# Task to complete:
With the string "Sets" as the filter, copy each matching line from the records.

# Study material:
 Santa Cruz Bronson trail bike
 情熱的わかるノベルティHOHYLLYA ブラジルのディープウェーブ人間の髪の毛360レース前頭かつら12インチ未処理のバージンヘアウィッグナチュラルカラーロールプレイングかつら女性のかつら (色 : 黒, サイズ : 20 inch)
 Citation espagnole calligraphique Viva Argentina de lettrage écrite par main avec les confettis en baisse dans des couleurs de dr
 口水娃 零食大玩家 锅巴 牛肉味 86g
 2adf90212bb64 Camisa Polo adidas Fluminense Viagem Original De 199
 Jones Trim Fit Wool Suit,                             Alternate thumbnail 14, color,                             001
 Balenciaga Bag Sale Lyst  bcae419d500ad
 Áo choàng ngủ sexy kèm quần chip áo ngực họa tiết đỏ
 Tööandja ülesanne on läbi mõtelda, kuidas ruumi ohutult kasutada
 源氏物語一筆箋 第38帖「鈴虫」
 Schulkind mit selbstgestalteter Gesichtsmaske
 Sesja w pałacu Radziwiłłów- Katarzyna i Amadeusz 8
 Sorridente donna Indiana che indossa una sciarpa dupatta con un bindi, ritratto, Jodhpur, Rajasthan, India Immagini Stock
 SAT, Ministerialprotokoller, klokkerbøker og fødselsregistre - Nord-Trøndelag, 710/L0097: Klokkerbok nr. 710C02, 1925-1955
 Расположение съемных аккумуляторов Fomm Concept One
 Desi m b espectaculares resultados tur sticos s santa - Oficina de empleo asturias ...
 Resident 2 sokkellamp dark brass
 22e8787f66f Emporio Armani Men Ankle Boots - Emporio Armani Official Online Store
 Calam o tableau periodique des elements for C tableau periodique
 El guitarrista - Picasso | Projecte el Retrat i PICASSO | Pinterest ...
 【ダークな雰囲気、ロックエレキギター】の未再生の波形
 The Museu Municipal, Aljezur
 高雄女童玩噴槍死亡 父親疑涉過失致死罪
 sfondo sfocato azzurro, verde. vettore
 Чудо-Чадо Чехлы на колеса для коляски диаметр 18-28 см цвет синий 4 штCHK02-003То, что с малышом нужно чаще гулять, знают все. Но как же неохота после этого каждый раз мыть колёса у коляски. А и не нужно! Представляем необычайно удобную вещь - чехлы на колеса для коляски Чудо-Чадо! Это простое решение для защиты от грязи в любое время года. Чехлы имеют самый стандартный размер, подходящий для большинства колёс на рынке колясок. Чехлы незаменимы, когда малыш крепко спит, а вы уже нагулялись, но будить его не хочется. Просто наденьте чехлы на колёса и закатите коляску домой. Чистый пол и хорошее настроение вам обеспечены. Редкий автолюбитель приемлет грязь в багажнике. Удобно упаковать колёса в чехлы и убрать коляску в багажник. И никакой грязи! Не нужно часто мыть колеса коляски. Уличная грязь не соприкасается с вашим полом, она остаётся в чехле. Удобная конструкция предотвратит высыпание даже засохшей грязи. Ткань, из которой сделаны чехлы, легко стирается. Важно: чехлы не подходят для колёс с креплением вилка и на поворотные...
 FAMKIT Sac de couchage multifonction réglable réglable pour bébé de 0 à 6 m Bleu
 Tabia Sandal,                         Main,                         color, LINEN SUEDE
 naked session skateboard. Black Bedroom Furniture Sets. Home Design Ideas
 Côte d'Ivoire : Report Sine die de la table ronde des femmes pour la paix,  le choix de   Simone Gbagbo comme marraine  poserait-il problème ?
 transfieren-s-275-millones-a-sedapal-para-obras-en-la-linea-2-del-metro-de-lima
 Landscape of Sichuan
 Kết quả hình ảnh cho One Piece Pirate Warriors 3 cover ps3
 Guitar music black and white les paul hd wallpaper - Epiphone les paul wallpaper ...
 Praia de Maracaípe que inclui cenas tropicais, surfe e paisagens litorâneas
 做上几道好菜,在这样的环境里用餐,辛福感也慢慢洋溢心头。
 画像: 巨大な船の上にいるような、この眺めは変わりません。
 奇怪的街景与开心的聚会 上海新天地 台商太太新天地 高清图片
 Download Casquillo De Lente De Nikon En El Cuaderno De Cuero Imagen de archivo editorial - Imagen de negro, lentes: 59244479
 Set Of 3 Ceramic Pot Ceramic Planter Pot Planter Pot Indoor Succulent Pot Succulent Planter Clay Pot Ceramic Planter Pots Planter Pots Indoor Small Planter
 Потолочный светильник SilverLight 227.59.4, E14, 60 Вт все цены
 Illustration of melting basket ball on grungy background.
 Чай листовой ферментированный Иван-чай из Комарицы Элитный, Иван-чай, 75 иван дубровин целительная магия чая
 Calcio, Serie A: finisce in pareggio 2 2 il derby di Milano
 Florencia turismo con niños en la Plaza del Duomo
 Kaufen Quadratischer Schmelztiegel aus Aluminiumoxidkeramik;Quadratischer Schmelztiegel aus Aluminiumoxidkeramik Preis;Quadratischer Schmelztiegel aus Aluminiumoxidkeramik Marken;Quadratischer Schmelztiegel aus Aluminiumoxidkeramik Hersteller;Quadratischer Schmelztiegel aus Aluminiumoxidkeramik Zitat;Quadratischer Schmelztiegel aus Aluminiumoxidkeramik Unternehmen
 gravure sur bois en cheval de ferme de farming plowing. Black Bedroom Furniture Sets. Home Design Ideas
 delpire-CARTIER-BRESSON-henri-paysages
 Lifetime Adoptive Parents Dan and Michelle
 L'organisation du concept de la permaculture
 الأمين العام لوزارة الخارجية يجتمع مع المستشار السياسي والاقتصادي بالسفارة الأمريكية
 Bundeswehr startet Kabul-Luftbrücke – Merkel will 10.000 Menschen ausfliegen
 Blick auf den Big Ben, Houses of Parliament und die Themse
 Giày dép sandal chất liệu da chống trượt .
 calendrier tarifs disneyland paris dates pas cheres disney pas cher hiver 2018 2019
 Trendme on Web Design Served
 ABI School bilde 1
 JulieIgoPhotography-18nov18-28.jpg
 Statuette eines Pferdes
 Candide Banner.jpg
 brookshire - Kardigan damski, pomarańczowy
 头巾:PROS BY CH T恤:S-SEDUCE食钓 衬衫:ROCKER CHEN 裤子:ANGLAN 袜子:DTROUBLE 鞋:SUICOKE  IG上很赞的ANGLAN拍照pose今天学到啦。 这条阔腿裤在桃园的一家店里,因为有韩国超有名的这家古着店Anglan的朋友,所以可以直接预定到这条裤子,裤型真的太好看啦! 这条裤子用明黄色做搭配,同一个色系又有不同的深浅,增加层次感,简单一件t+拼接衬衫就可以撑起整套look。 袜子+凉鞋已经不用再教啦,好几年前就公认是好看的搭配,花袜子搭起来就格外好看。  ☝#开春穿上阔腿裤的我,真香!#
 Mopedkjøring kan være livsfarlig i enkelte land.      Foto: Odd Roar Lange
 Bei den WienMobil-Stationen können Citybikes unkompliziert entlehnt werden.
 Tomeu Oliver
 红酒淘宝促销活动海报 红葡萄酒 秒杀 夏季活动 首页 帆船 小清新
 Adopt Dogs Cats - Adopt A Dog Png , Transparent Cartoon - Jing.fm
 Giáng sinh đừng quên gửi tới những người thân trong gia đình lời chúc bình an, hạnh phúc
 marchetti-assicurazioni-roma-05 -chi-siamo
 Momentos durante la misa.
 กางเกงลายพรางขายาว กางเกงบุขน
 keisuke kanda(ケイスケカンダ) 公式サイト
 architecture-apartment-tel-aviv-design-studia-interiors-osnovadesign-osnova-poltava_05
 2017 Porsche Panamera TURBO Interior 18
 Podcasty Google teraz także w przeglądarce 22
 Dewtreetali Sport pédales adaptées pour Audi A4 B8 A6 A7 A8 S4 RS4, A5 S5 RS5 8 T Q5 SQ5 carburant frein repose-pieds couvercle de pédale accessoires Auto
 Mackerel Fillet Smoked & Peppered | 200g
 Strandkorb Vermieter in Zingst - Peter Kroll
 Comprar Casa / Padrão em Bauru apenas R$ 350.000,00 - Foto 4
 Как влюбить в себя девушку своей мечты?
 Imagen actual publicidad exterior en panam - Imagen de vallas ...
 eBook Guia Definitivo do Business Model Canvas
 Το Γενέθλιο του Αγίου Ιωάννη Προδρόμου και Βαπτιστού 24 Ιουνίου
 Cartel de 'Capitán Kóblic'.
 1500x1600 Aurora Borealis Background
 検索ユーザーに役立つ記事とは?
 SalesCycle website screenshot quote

# Answer for this exercise:
 naked session skateboard. Black Bedroom Furniture Sets. Home Design Ideas
 gravure sur bois en cheval de ferme de farming plowing. Black Bedroom Furniture Sets. Home Design Ideas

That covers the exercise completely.